Kruskal Wallis SAS

Introduction

The Kruskal-Wallis test is a non-parametric equivalent to the one-way ANOVA. For this example, the data used is a subset of R’s datasets::iris, testing for difference in sepal width between species of flower. This data was subset in R and input manually to SAS with a data step.

data iris_sub;
    input Species $ Sepal_Width;
    datalines;
setosa 3.4
setosa 3.0
setosa 3.4
setosa 3.2
setosa 3.5
setosa 3.1
versicolor 2.7
versicolor 2.9
versicolor 2.7
versicolor 2.6
versicolor 2.5
versicolor 2.5
virginica 3.0
virginica 3.0
virginica 3.1
virginica 3.8
virginica 2.7
virginica 3.3
;
run;

Implementing Kruskal-Wallis in SAS

The Kruskal-Wallis test can be implemented in SAS using the NPAR1WAY procedure with WILCOXON option. Below, the test is defined with the indicator variable (Species) by the CLASS statement, and the response variable (Sepal_Width) by the VAR statement. Adding the EXACT statement outputs the exact p-value in addition to the asymptotic result. The null hypothesis is that the samples are from identical populations.
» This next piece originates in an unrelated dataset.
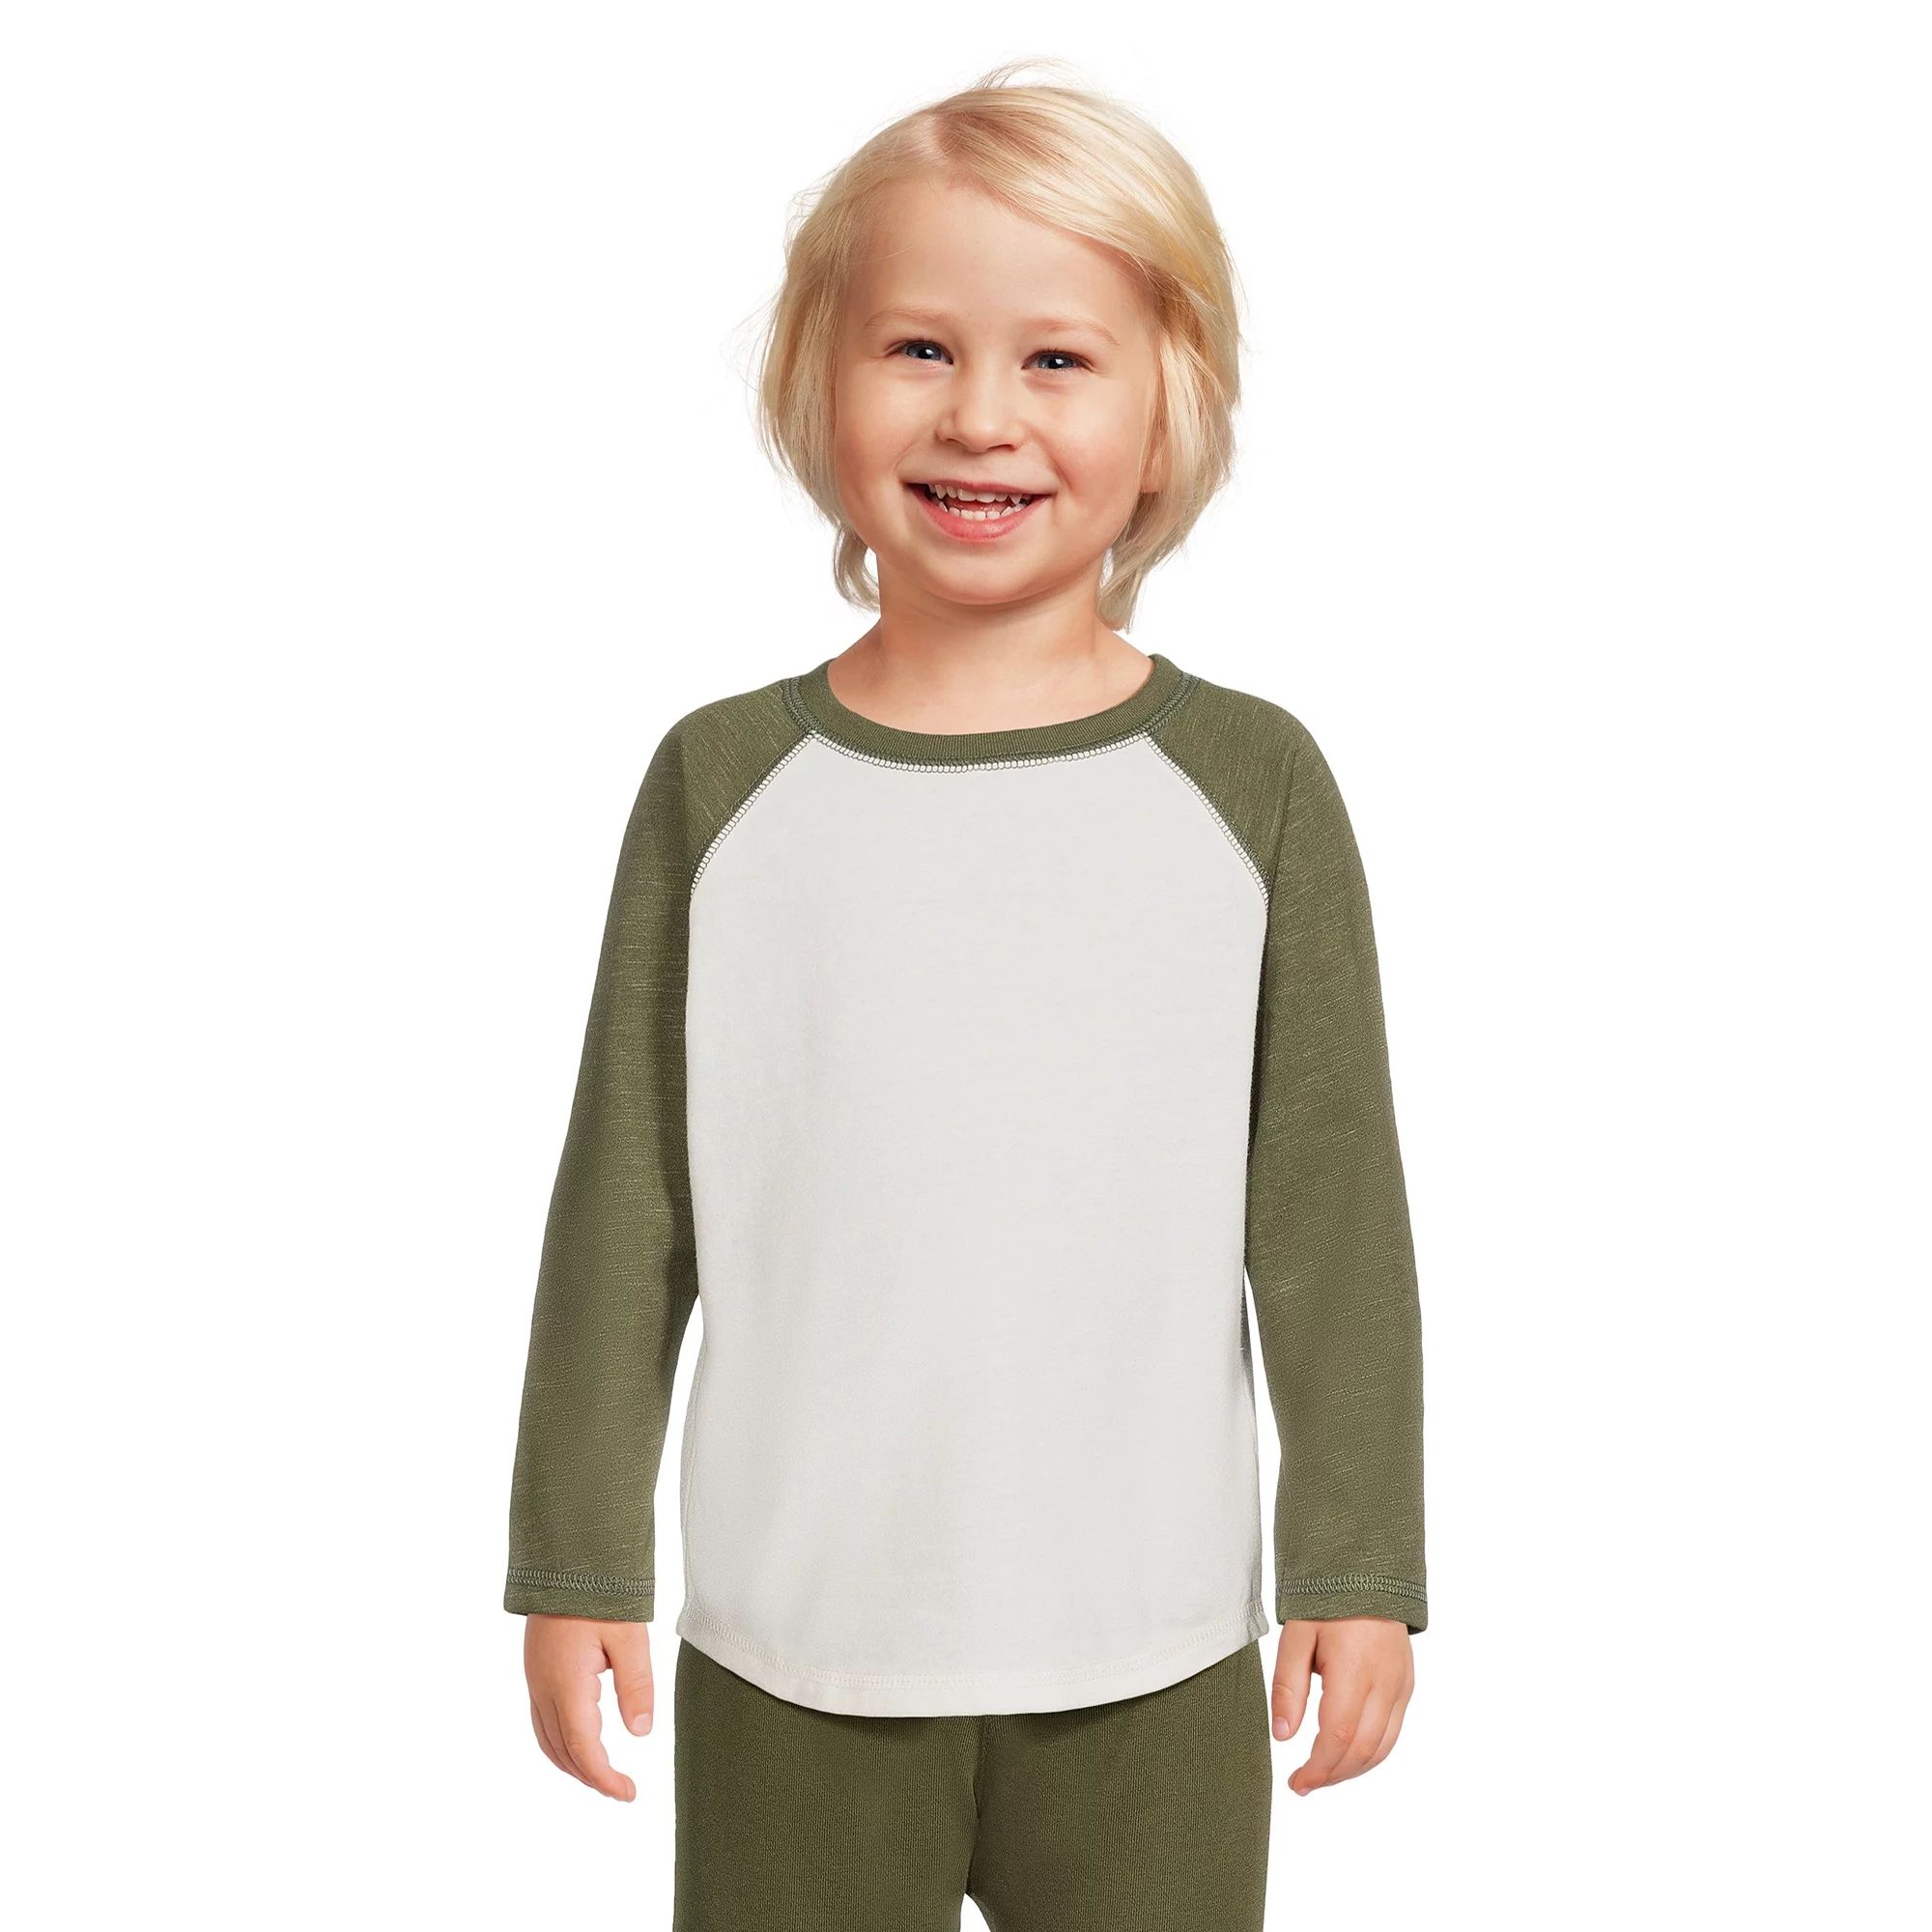 Garanimals Toddler Boy Long Sleeve Raglan T-Shirt, Sizes 12M-5T | Walmart (US)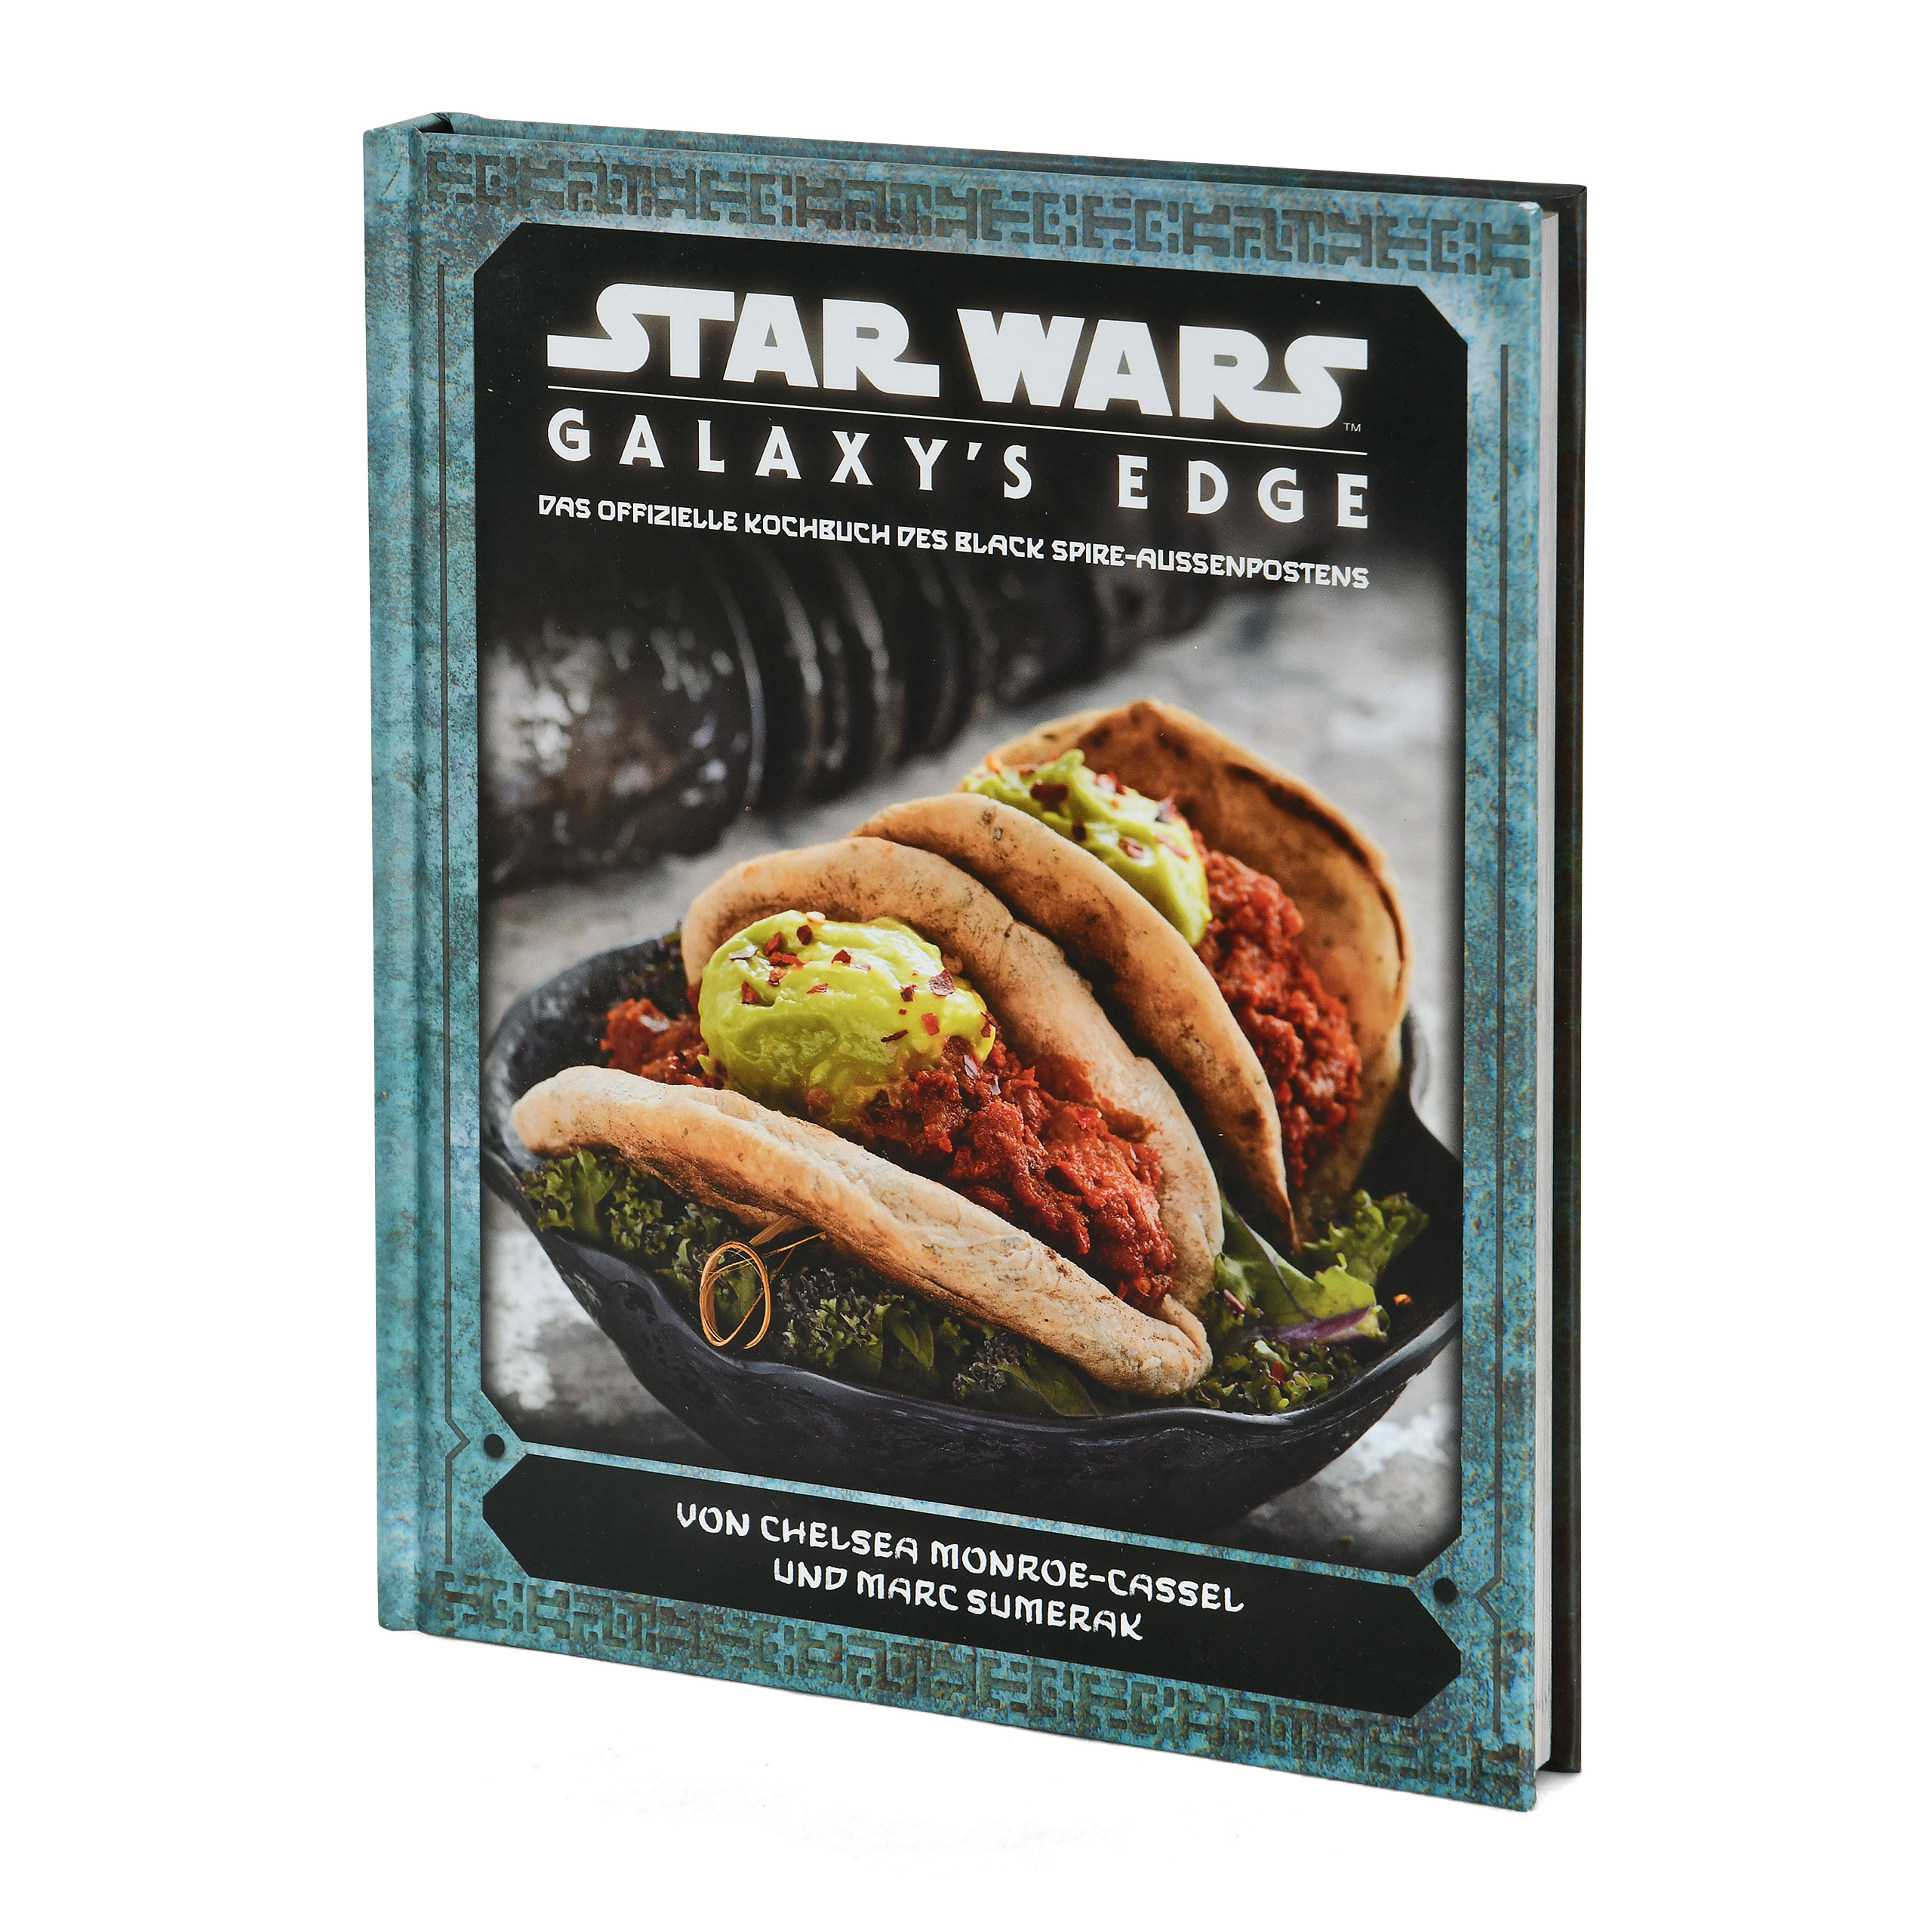 Star Wars - Galaxy's Edge Das offizielle Kochbuch des Black Spire-Außenpostens

proc npar1way data=iris_sub wilcoxon;
class Species;
var Sepal_Width;
exact;
run;

Results

As seen above, SAS outputs a table of Wilcoxon Scores for Sepal_Width by each Species including (per group): the number (N); the sum of scores; the expected sum of scores under the null hypothesis; the standard deviation under the null hypothesis, and the observed mean score. The table also includes a footnote to specify that ties were handled by using the average score.

A table of the test results gives the Kruskal-Wallis rank sum statistic (10.922), the degrees of freedom (2), and the asymptotic p-value of the test (0.0042), and the exact p-value (0.0008). Therefore, the difference in population medians is statistically significant at the 5% level.